The imposed interval of five minutes is longer than the majority of
Flows; for those Flows crossing interval boundaries, the entire Flow
is accounted to the interval containing the start time of the Flow.
In this example, the Partially Aggregated Flows after each conceptual
operation in the Intermediate Aggregation Process are shown.

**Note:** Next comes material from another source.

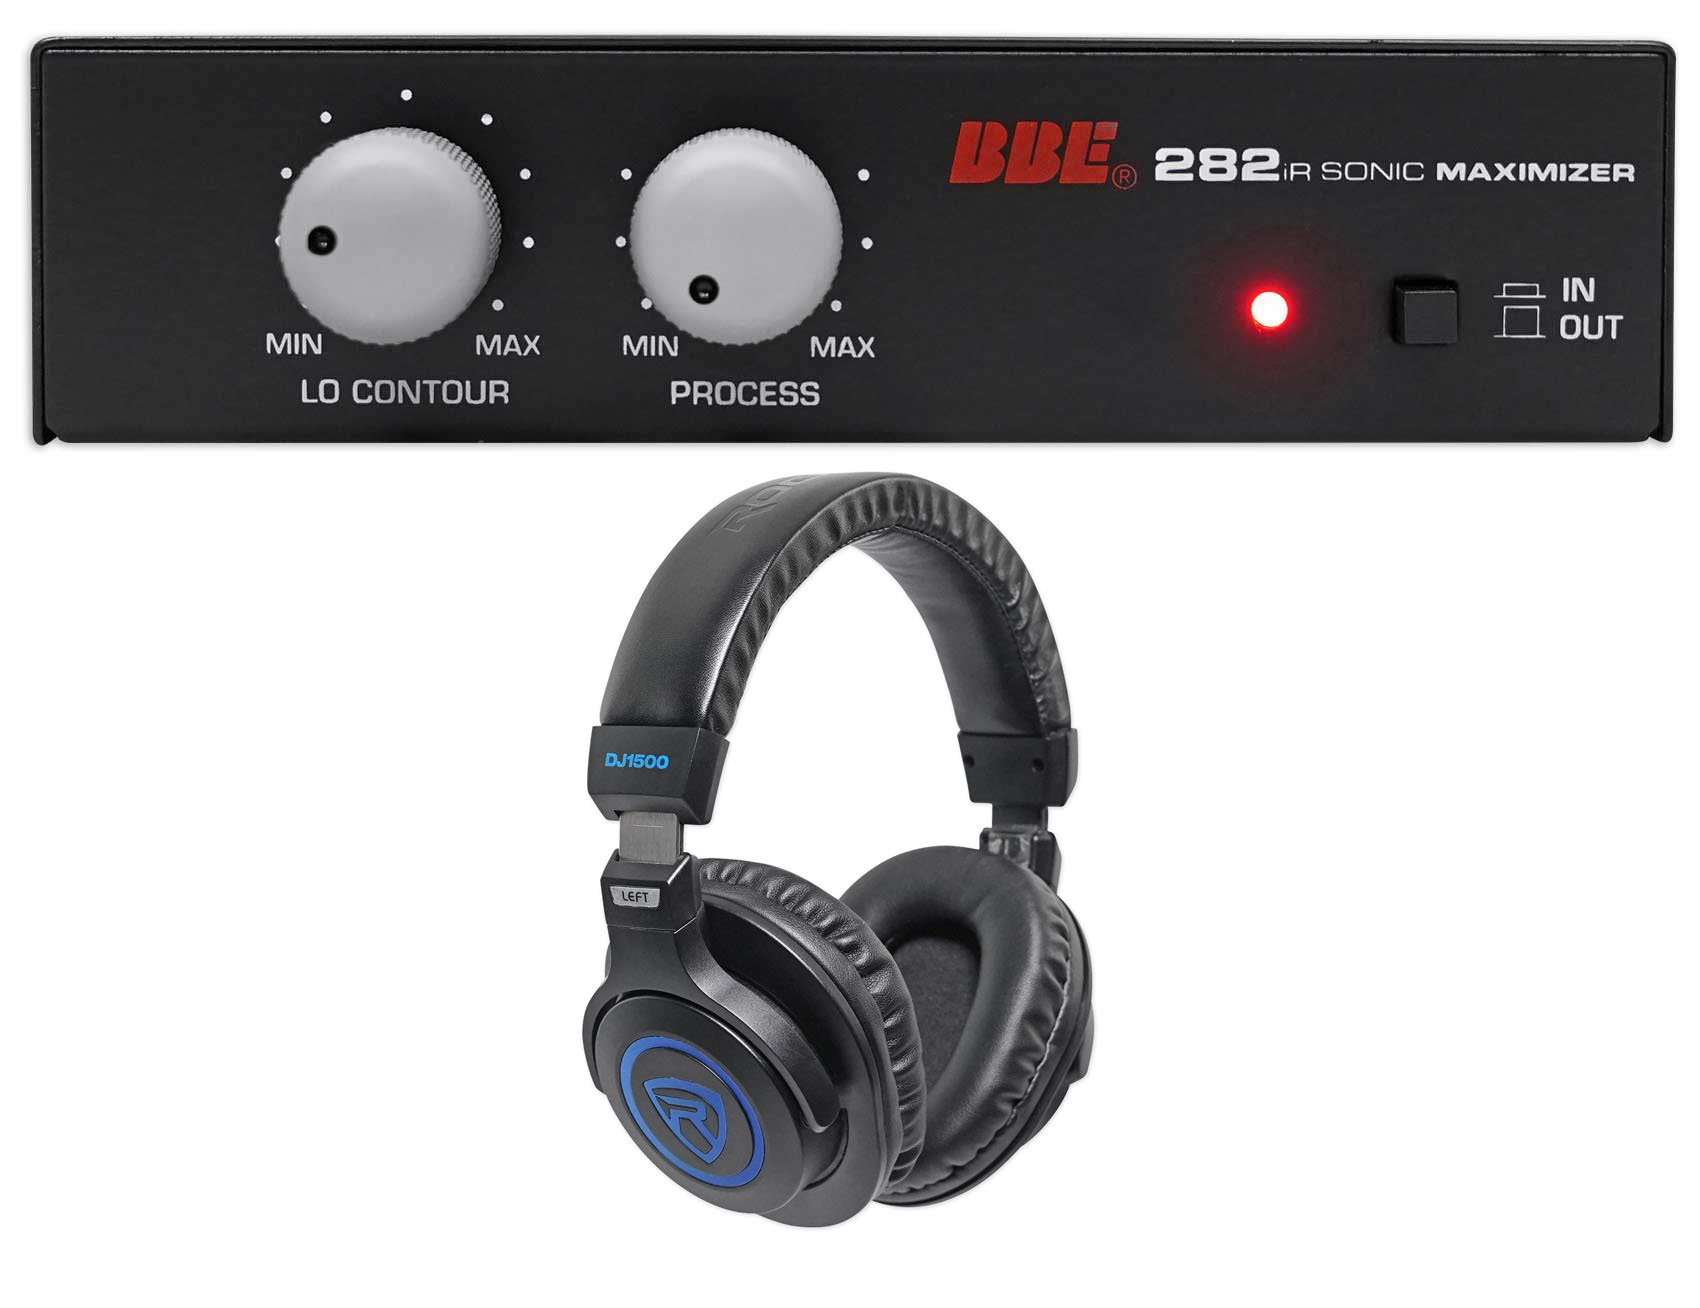 BBE 282IR Desktop Sonic Maximizer w/RCA Inputs/Outputs + Free Headphones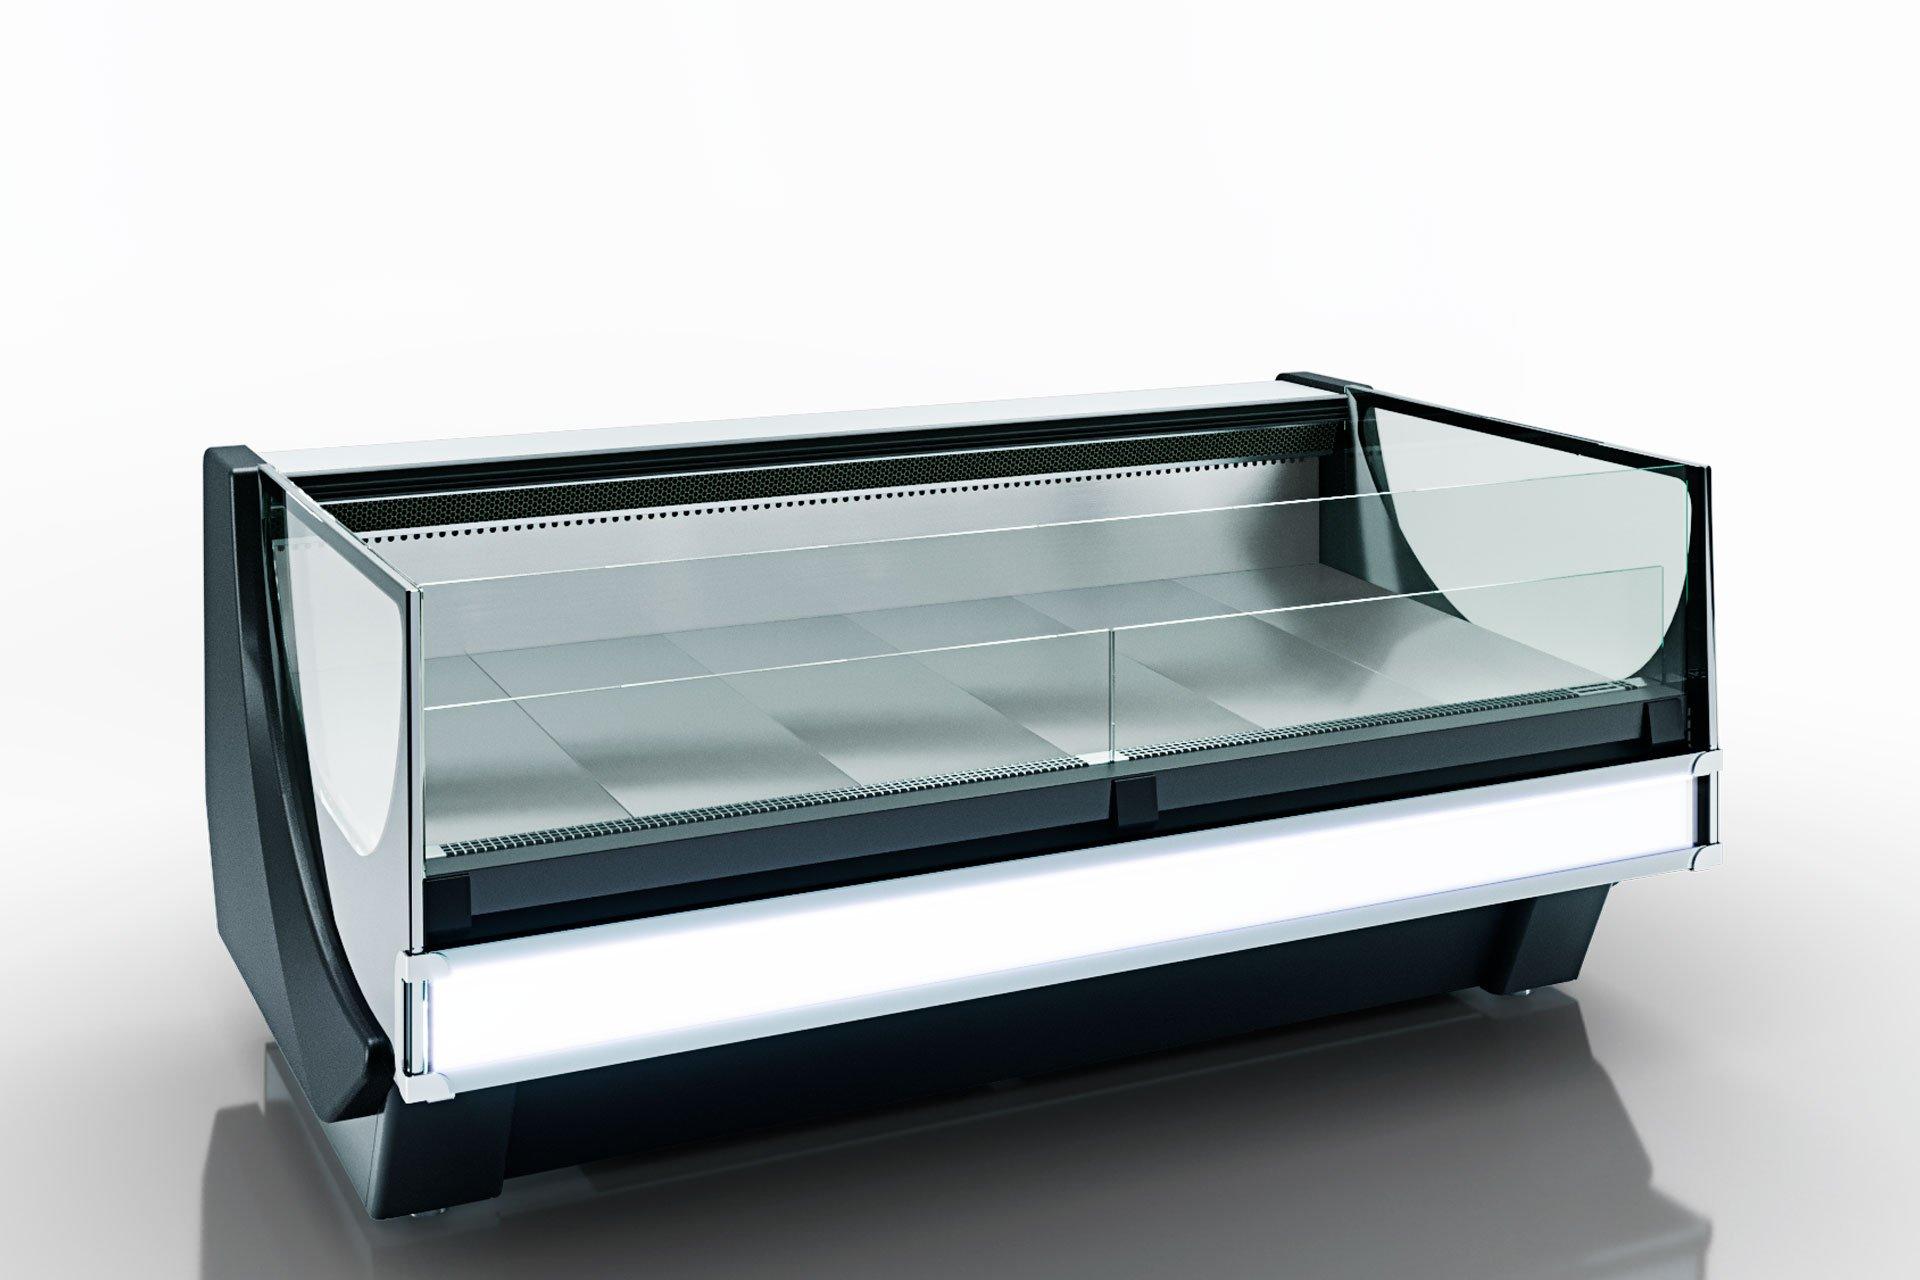 מקרר ויטרינה MISSOURI COLD DIAMOND MC 115 DELI PS/SELF M/A – NEW

These
are meant to be illustrative of the conceptual operations only, and
not to suggest an implementation (indeed, the example shown here
would not necessarily be the most efficient method for performing
these operations). Subsequent examples will omit the Partially
Aggregated Flows for brevity.
The input to this process could be any Flow Record containing a
source IP address and octet counter; consider for this example the
Template and data from the introduction. The Intermediate
Aggregation Process would then output records containing just
timestamps, source IP, and octetDeltaCount, as in Figure 11.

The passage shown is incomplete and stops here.